When developers use the golden path, they get all these security decisions for free. They don't need to know why Chainguard images are better than the official Node.js images, or why running as non-root matters. The platform team made those decisions once, and every service benefits.

Self-Service with Guardrails: Freedom Within Boundaries

The traditional approach to infrastructure security was gatekeeping: developers request resources, operations approve or deny. This doesn't scale. Platform engineering replaces gatekeeping with guardrails: developers can provision resources themselves, but the platform constrains what's possible.

Consider database provisioning. The old model: developer files a ticket, DBA reviews the request, provisions the database manually, hopefully remembers to enable encryption, sets up backups, configures access. Lots of human decisions, lots of opportunities for mistakes.

The platform engineering model: developer selects "PostgreSQL Database" from the catalog, specifies size and name, clicks create. The platform provisions a database that's automatically encrypted, backed up, isolated to the correct network, and accessible only from their services.

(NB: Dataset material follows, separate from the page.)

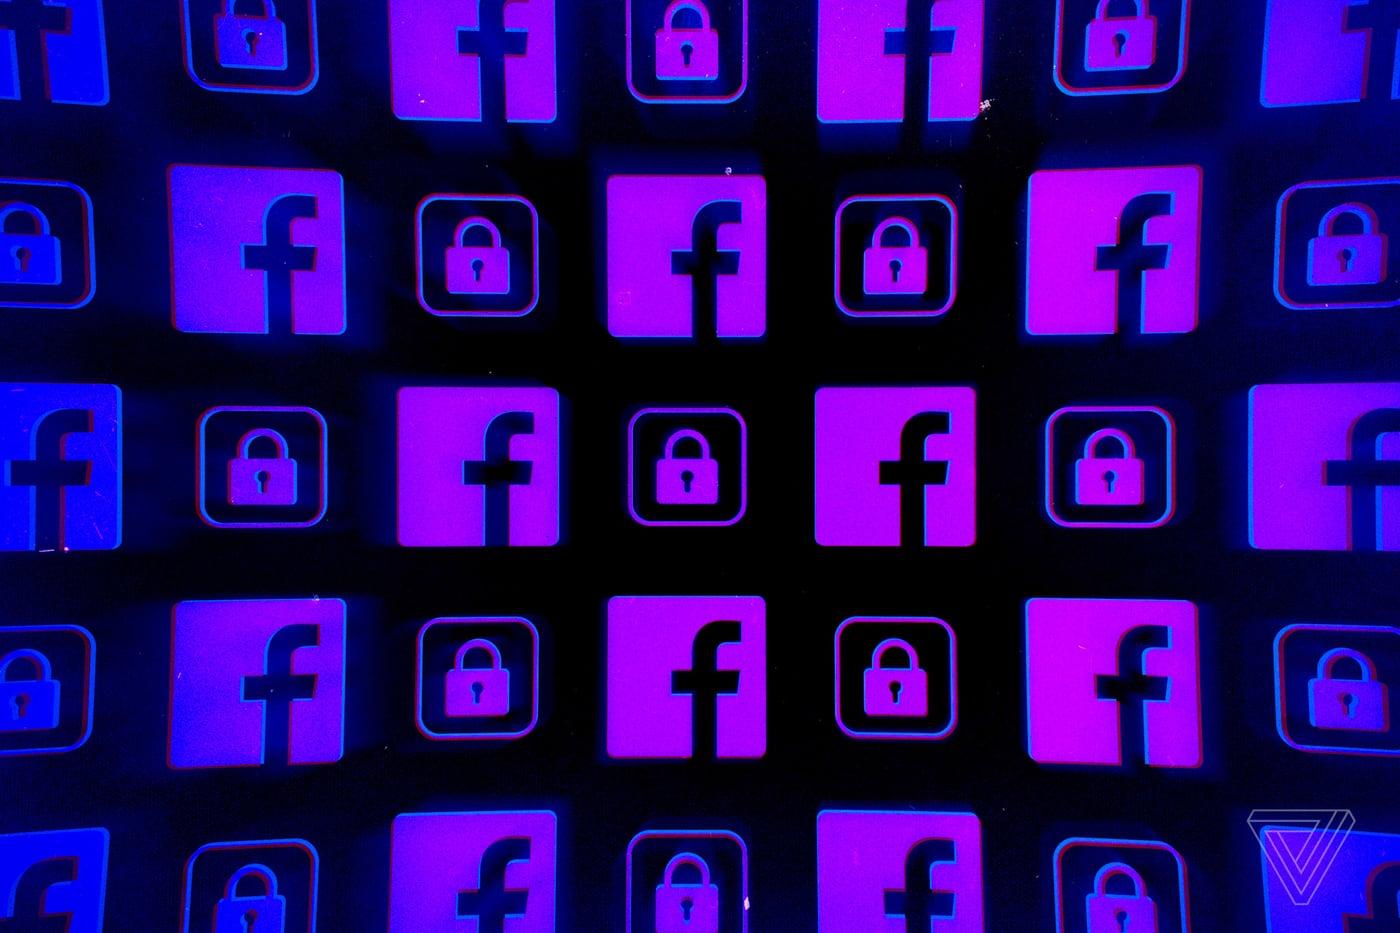 Facebook yêu cầu Clearview dừng sử dụng hình ảnh của họ cho chương trình nhận dạng khuôn mặt gây tranh cãi
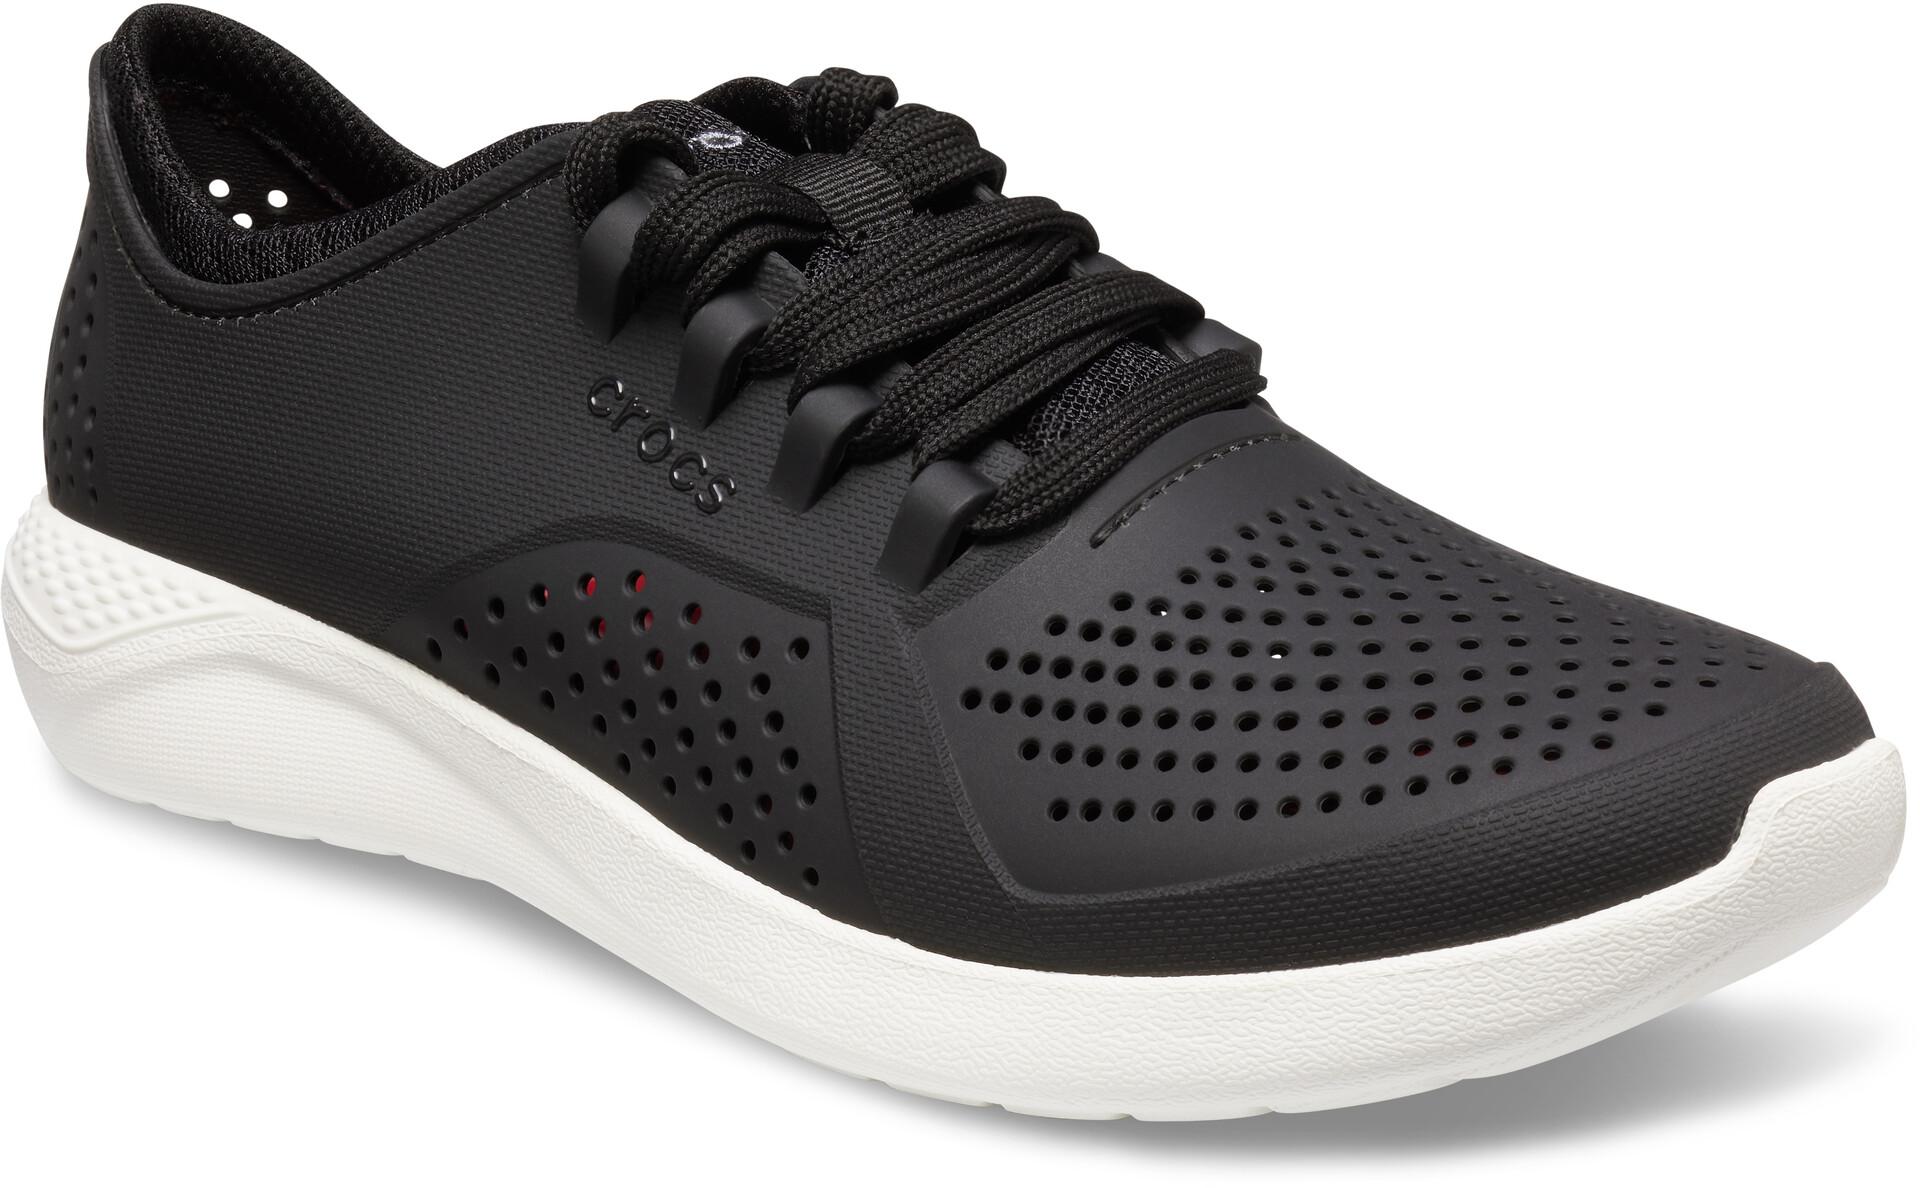 Crocs LiteRide Pacer Schoenen Dames, black

No human decisions, no mistakes possible.

Crossplane: Kubernetes-Native Infrastructure Provisioning

Crossplane extends Kubernetes to provision infrastructure across any cloud provider. Combined with compositions, you can create self-service APIs for cloud resources with security built in:

# Crossplane Composition: Secure PostgreSQL Database
# This defines what developers get when they request a database
apiVersion: apiextensions.crossplane.io/v1
kind: Composition
metadata:
  name: secure-postgres-aws
  labels:
    provider: aws
    database: postgres
spec:
  compositeTypeRef:
    apiVersion: database.company.io/v1alpha1
    kind: PostgresInstance

  resources:
    # The actual RDS instance
    - name: rds-instance
      base:
        apiVersion: rds.aws.upbound.io/v1beta1
        kind: Instance
        spec:
          forProvider:
            engine: postgres
            engineVersion: "15"

            # These security settings are ENFORCED - developers can't change them
            storageEncrypted: true              # Data at rest encryption
            deletionProtection: true            # Prevent accidental deletion
            publiclyAccessible: false           # Never expose to internet
            autoMinorVersionUpgrade: true       # Automatic security patches

            # Backup policy - also enforced
            backupRetentionPeriod: 7            # Keep 7 days of backups
            backupWindow: "03:00-04:00"         # Backups during off-hours
            copyTagsToSnapshot: true            # Maintain tagging in backups

            # Monitoring - developers don't need to configure this
            enabledCloudwatchLogsExports:
              - postgresql
              - upgrade
            performanceInsightsEnabled: true
            performanceInsightsRetentionPeriod: 7

      # These fields can be customized by developers
      patches:
        - fromFieldPath: "spec.size"
          toFieldPath: "spec.forProvider.instanceClass"
          transforms:
            - type: map
              map:
                small: db.t3.micro
                medium: db.t3.small
                large: db.t3.medium
        - fromFieldPath: "spec.storageGB"
          toFieldPath: "spec.forProvider.allocatedStorage"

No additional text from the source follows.